Chapter 4: The Comebacker
In his capacity as a local reporter for the San Francisco Giants’ home games, Lionel witnesses the debut of a AAA pitcher named Nathan, a man unusually articulate and thoughtful for a baseball player, as his first interview shows. But Nathan vanishes as quickly as he appeared, as AAA players often do, and Lionel retreats again into himself, but not without lingering thoughts of this odd duck.
Nathan is brought back a few weeks later as a reliever, helps the team maintain its one-run advantage, and speaks as eloquently, even poetically, as ever. Like Eggers’s earlier book about flying in a glider, Understanding the Sky, the narrative is built from a series of answers from Nathan to questions about how it feels to be pitching.

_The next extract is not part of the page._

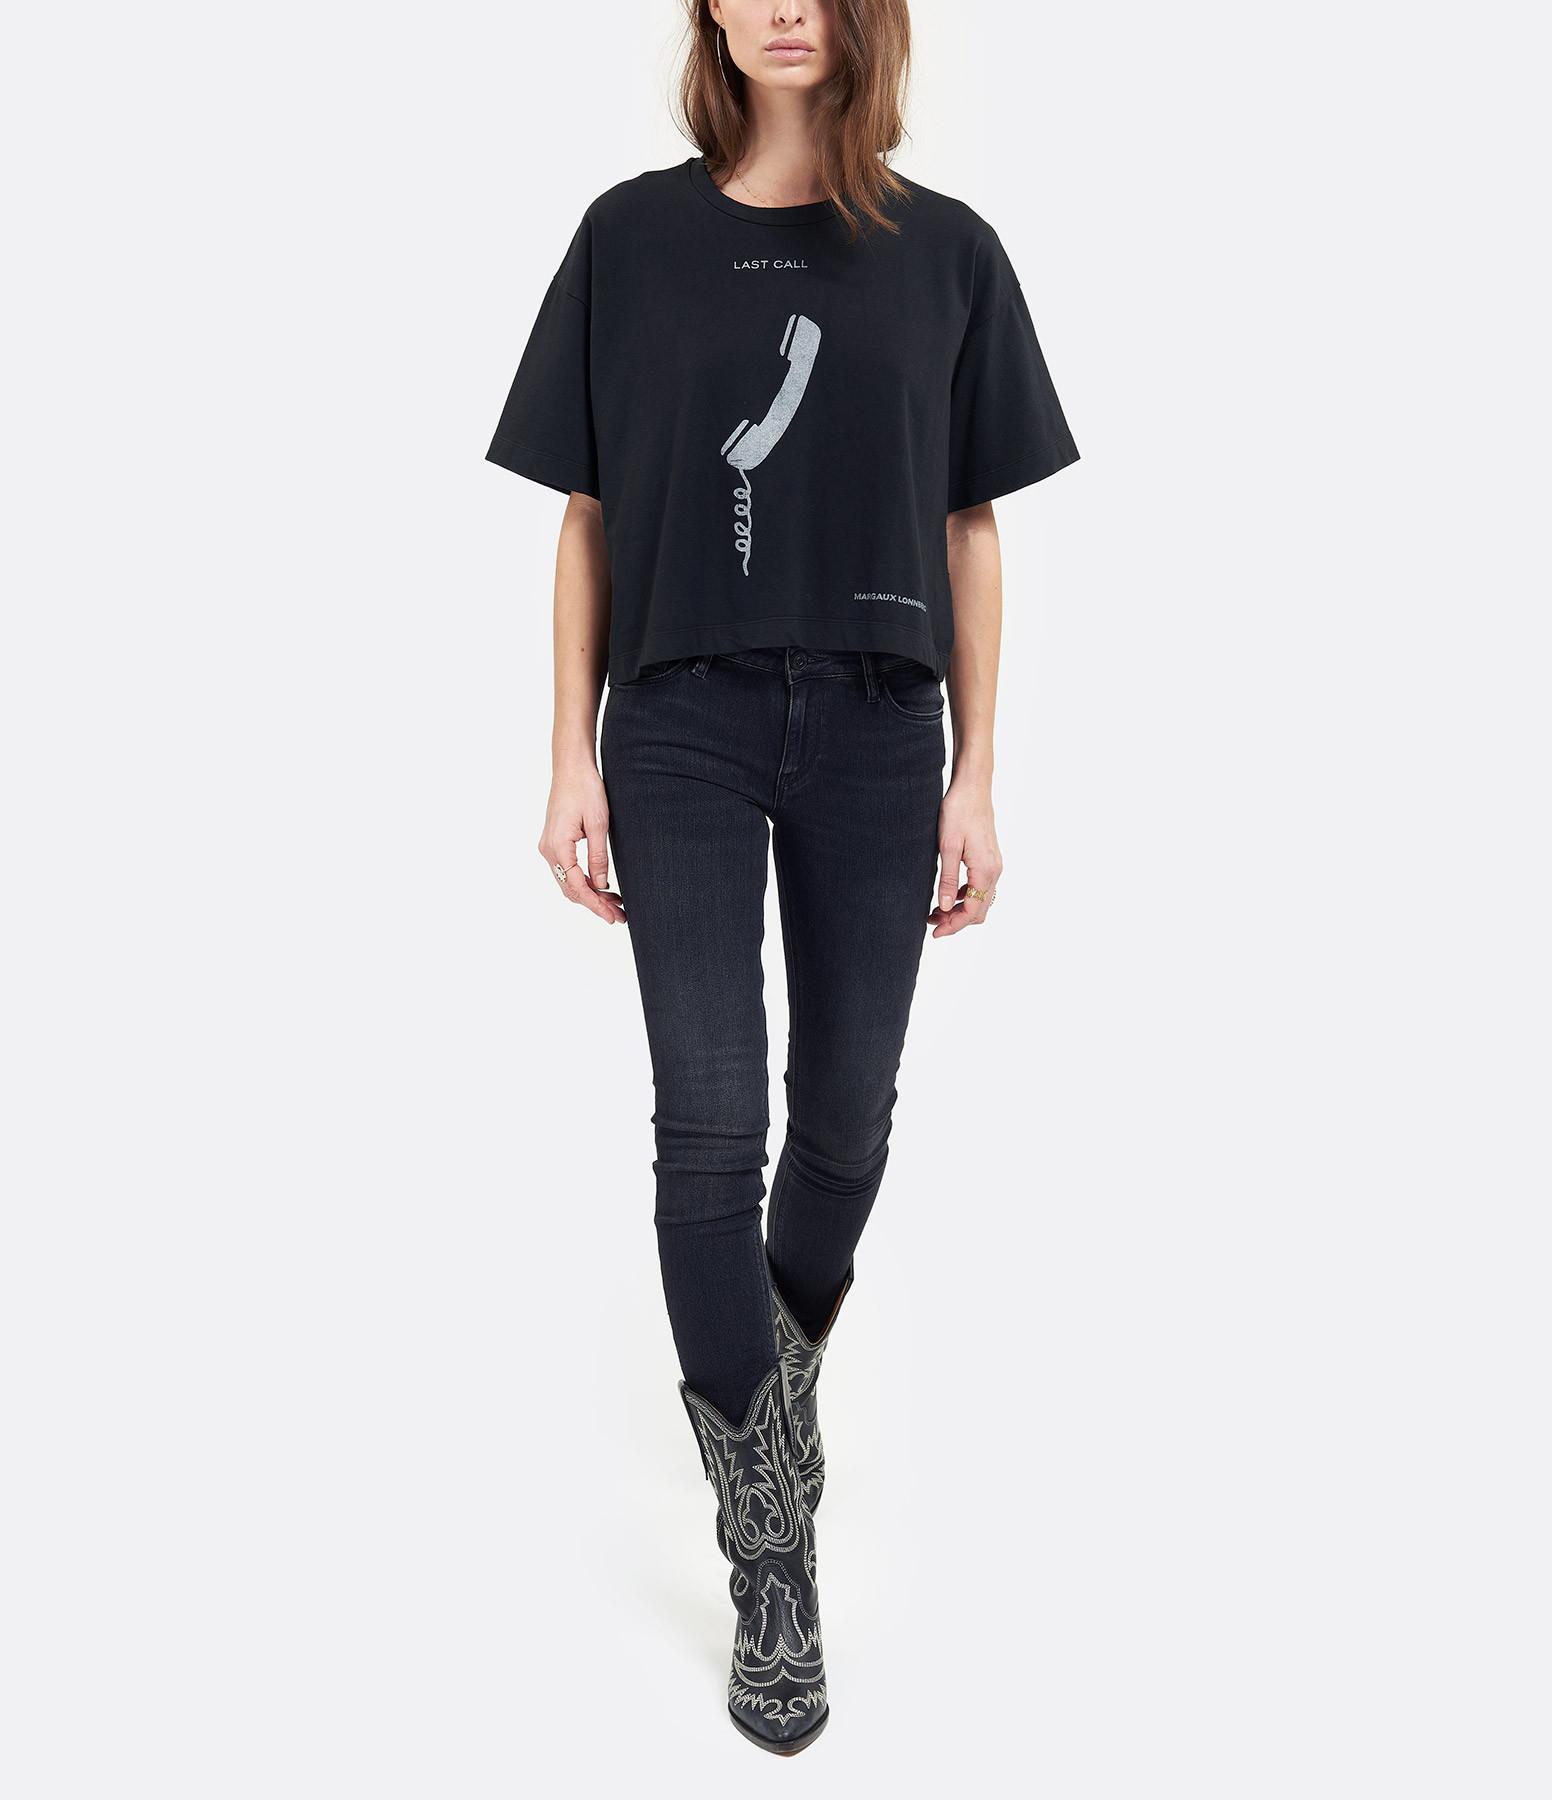 MARGAUX LONNBERG - Tee-shirt Brisa Last Call Imprimé Noir Délavé

Lionel eventually hears that a line drive to Nathan’s temple prior to him coming to the Giants, a glancing shot that off the temple, loosened his tongue, imbuing his speech with its loquaciousness and his mind with a Buddhist’s serenity, beholding the miraculous within pedestrian experience.
Chapter 6: The Ocean Is Everyone’s but It Is Not Yours
A young woman named Aurora takes over her father’s business taking tourists on whale and dolphin sightings in Monterey Bay. Another boat at the same pier has also run a similar business for decades, as had a third, whose owner retired without a replacement. Over these decades, Aurora’s father, the other boast owners, and eventually Aurora herself communicated with each other when the mammals were spotted. This maximized the number of happy tourists, which was good for business for all of them.
One day, a new ship arrives, its captain wealthy enough to inflict upon his competition stringent enforcement of every petty city regulation and code by its previously indifferent police force. The new captain has a large, uniformed crew, a large, black boat, and a bus service to the pier for paying clients. He does not share with the other boats when he has made sightings. He does not talk to them or acknowledge their existence.
The story also becomes one of old money versus new and demonstrates that older tactics exist for dealing with hostile competitors. Hello, Carlos!
Chapter 7: Sanrevelle
Hop, late 30s, works for a failing law firm and lives alone in the sinking building the firm is housed in (San Francisco’s Millennium Building). As a change of pace, he takes up sailing lessons from a woman named Sanrevelle, also single but a few years older. Together, as student and teacher, their exchanges are terse but effective; learning presumably takes place, although a glossary of marine tackle is not required. Silently, they size each other up, positively. Since so much goes unspoken between them, Hop’s sense that Sanrevelle is fond of him must be delusional, he thinks, as he rows a canoe from boat to boat looking for her and the fact that she wasn’t where she had promised to be.
He’s rowing along the San Francisco Bay shoreline in early evening, where boats have lined up, each lit with Christmas decorations, for a parade of boats to celebrate the holiday. That’s as close to a spoiler as I’ll allow myself.